(Data records)
──────────
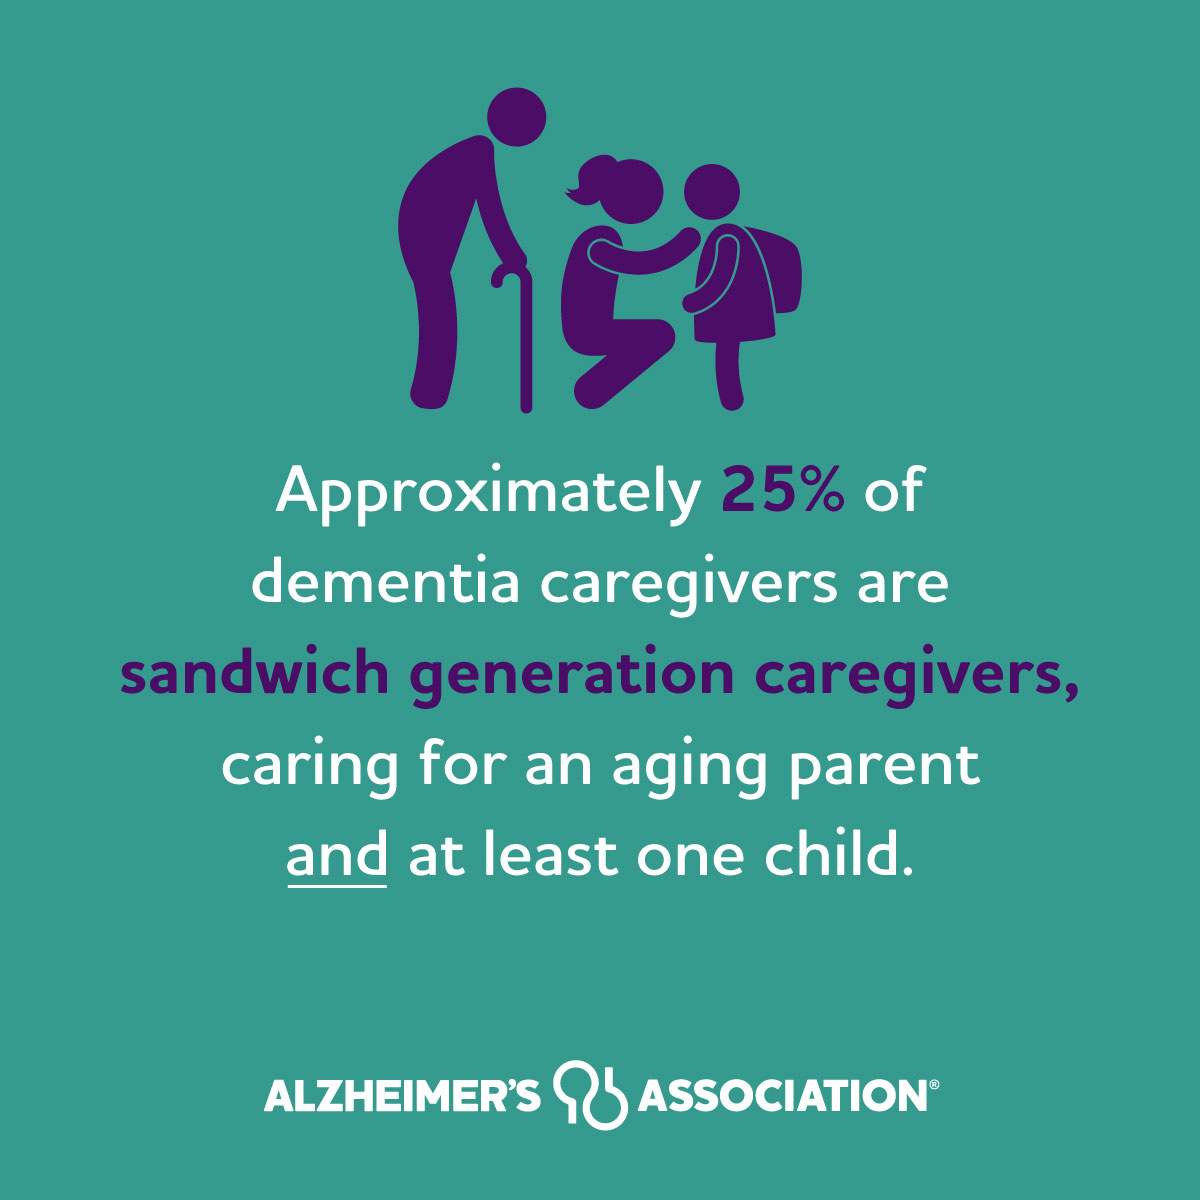 Caring for an aging parent with dementia is challenging enough. Approximately 25% of dementia caregivers do so while also caring for at least one child. Share the facts and join the fight at alz.org/facts. #ENDALZ
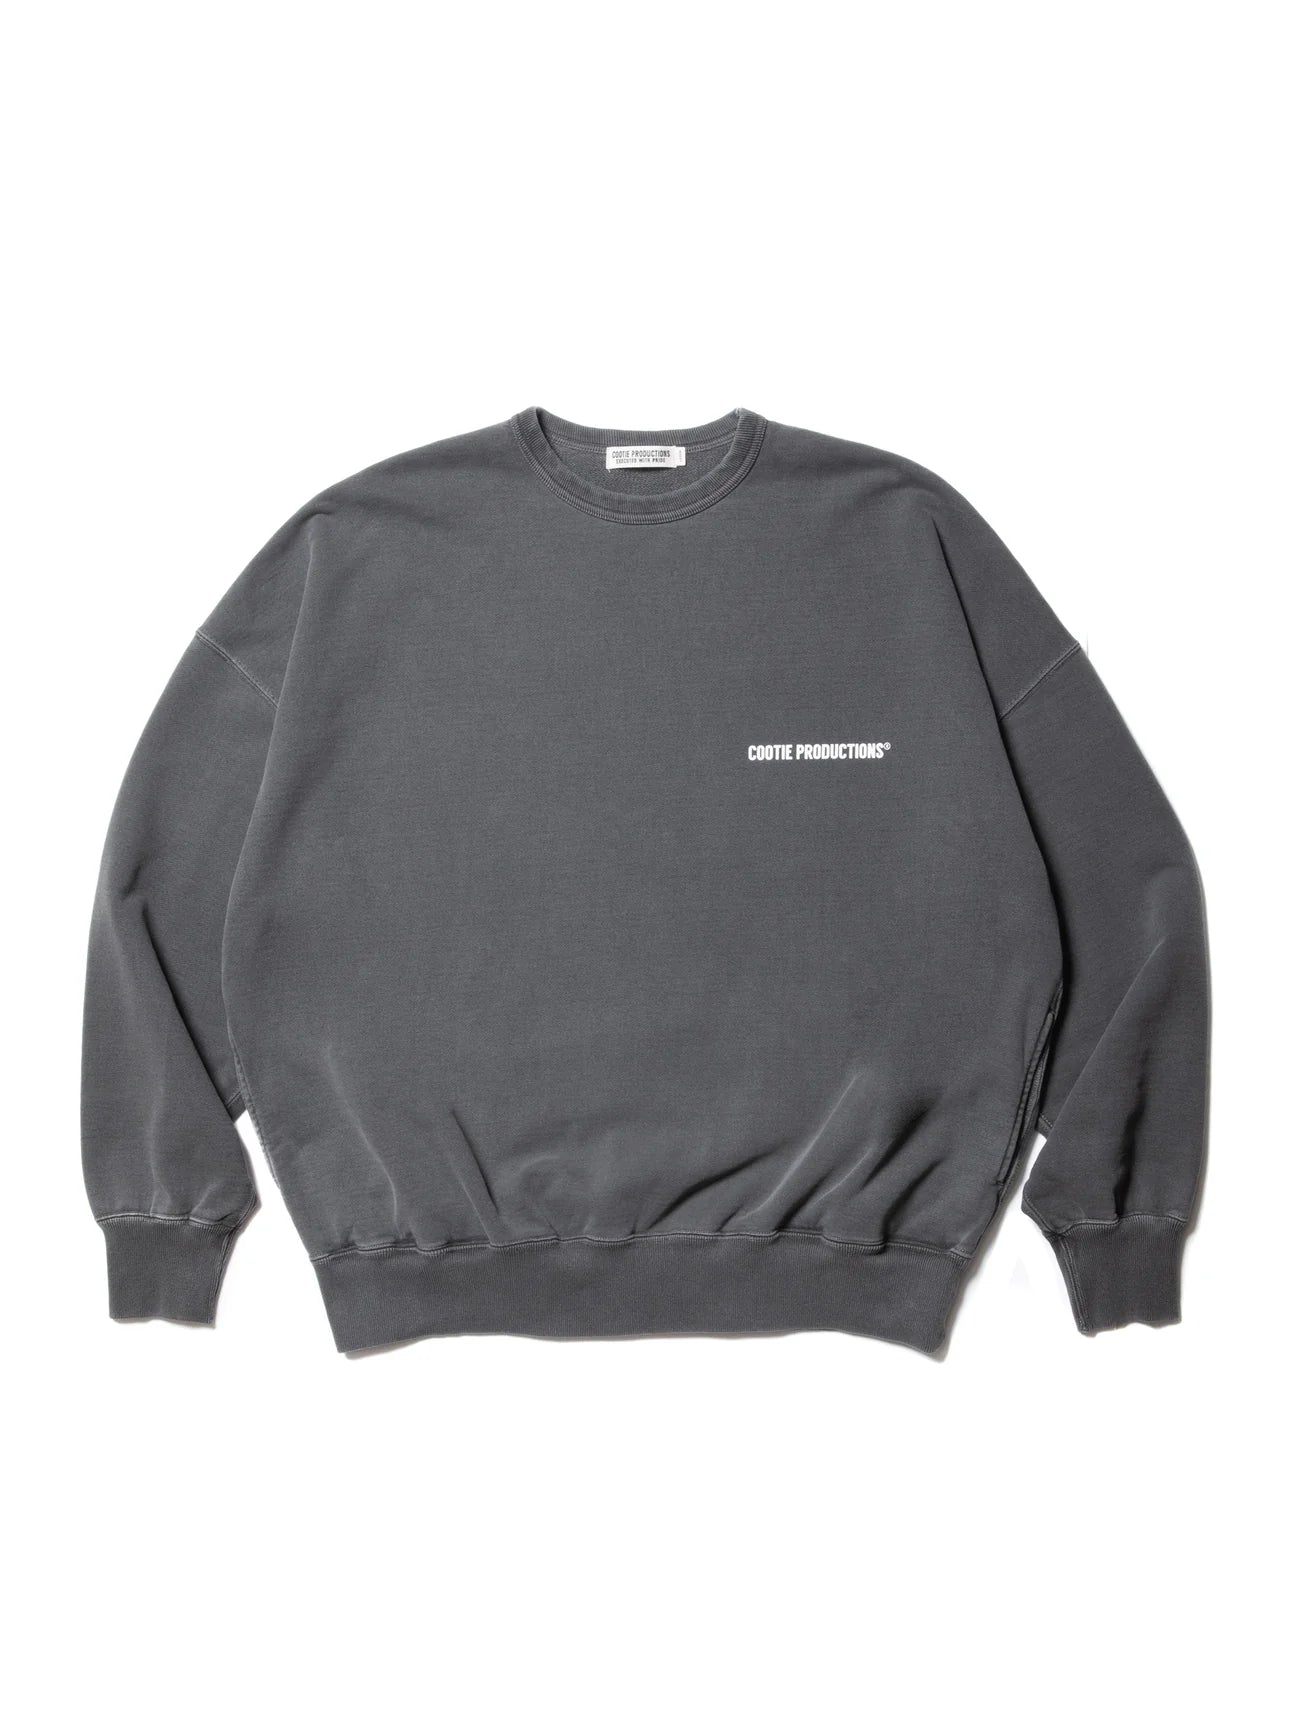 COOTIE PRODUCTIONS PIGMENT DYED L/S TEE-
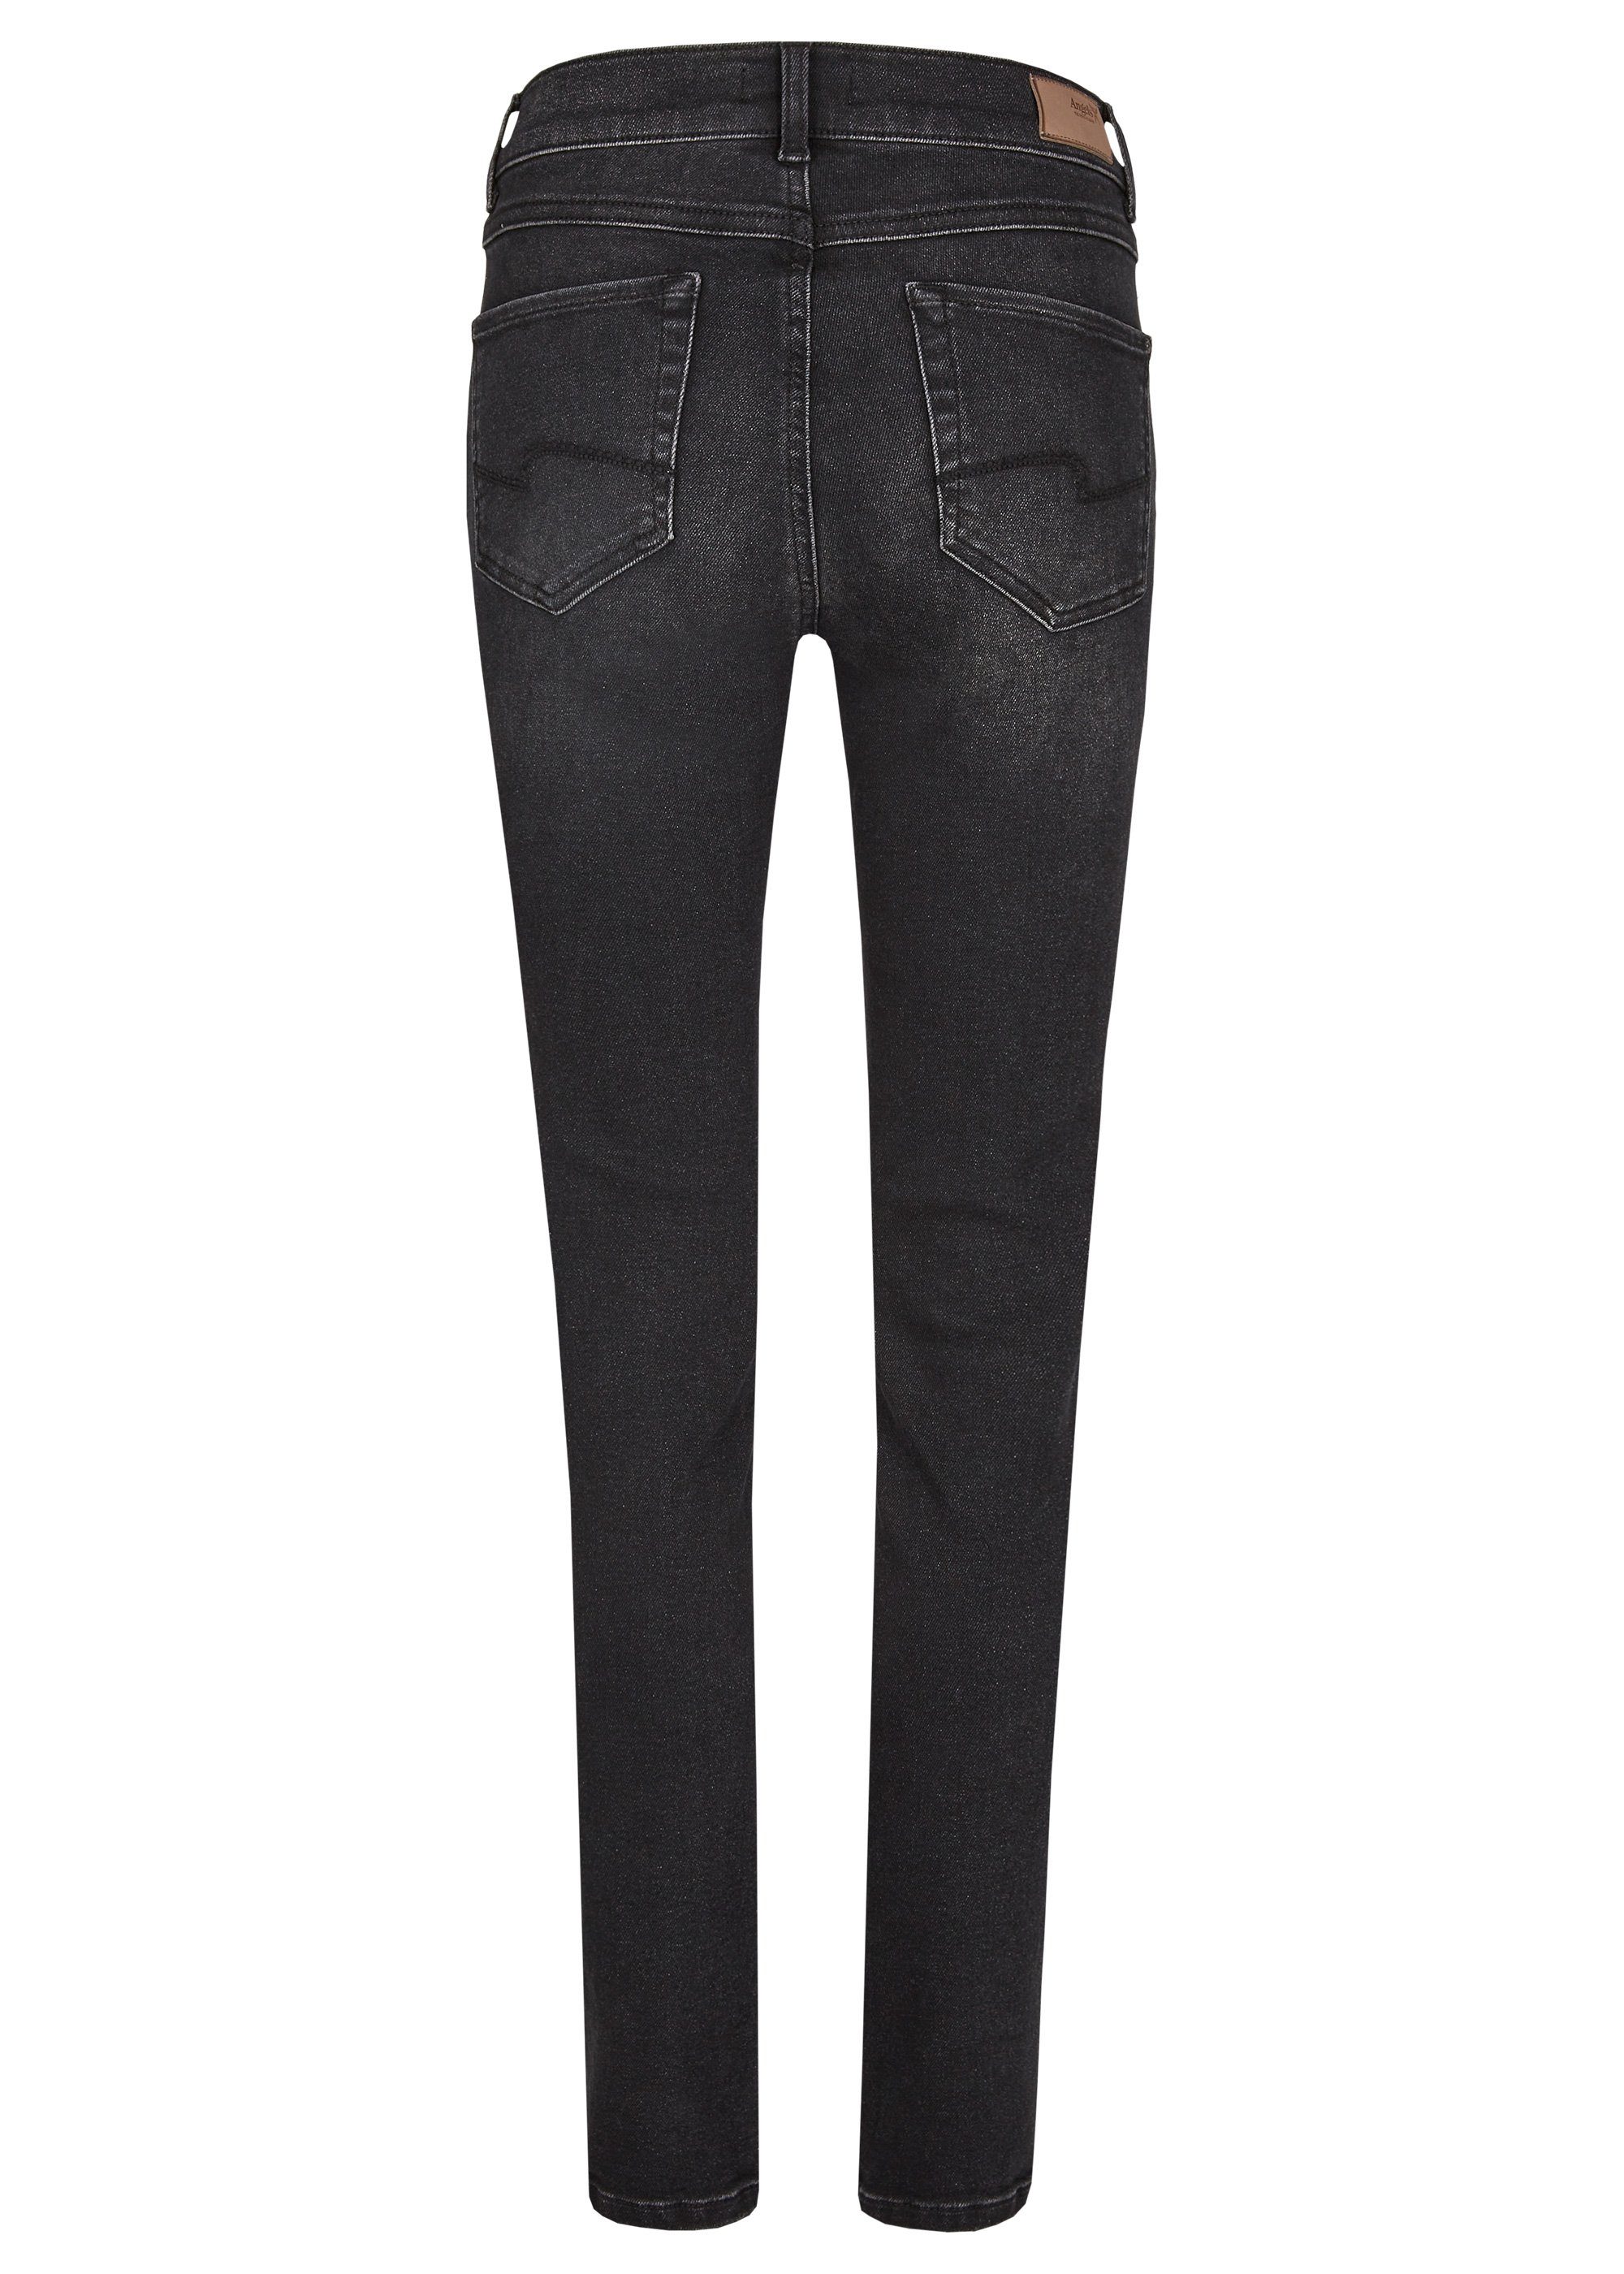 SKINNY black ANGELS 325 ANGELS STRETCH - Stretch-Jeans JEANS used 12.1058
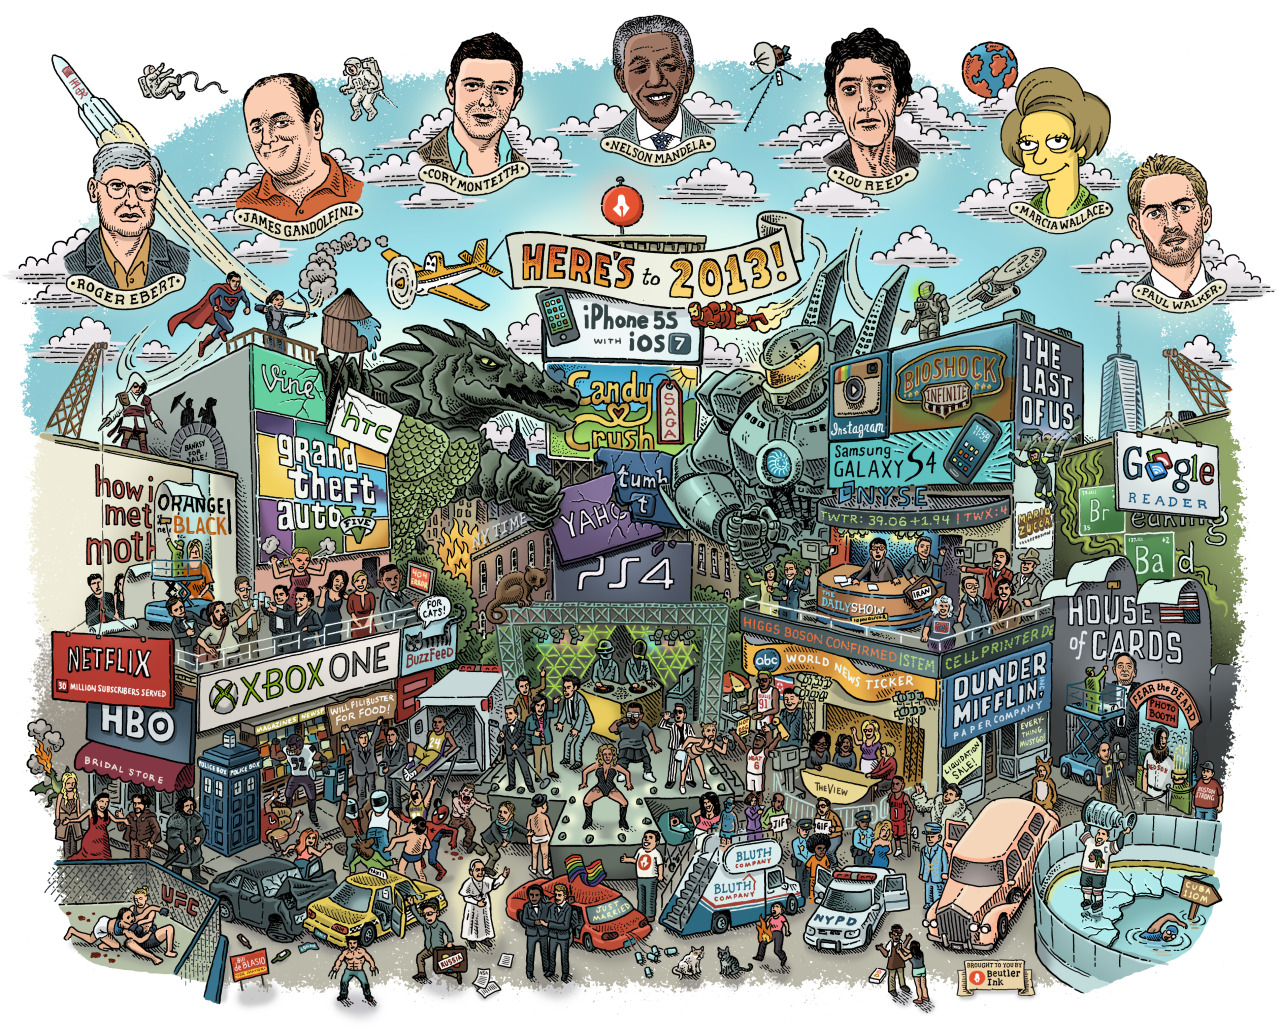 2013 pop culture and news mashup
These are the events of 2013 summed up in a single drawing. There are around 90 separate events depicted, including Game of Thrones’ Red Wedding, a bunch of video games & apps, pop culture sadness, and news...
──────────
| ASSIGNMENT |
Please take the lines from the beginning of the data above through the line holding "COOTIE PRODUCTIONS PIGMENT" and transcribe them exactly, without any pictures.

| ANSWER FOR THIS EXERCISE |
 Caring for an aging parent with dementia is challenging enough. Approximately 25% of dementia caregivers do so while also caring for at least one child. Share the facts and join the fight at alz.org/facts. #ENDALZ
 COOTIE PRODUCTIONS PIGMENT DYED L/S TEE-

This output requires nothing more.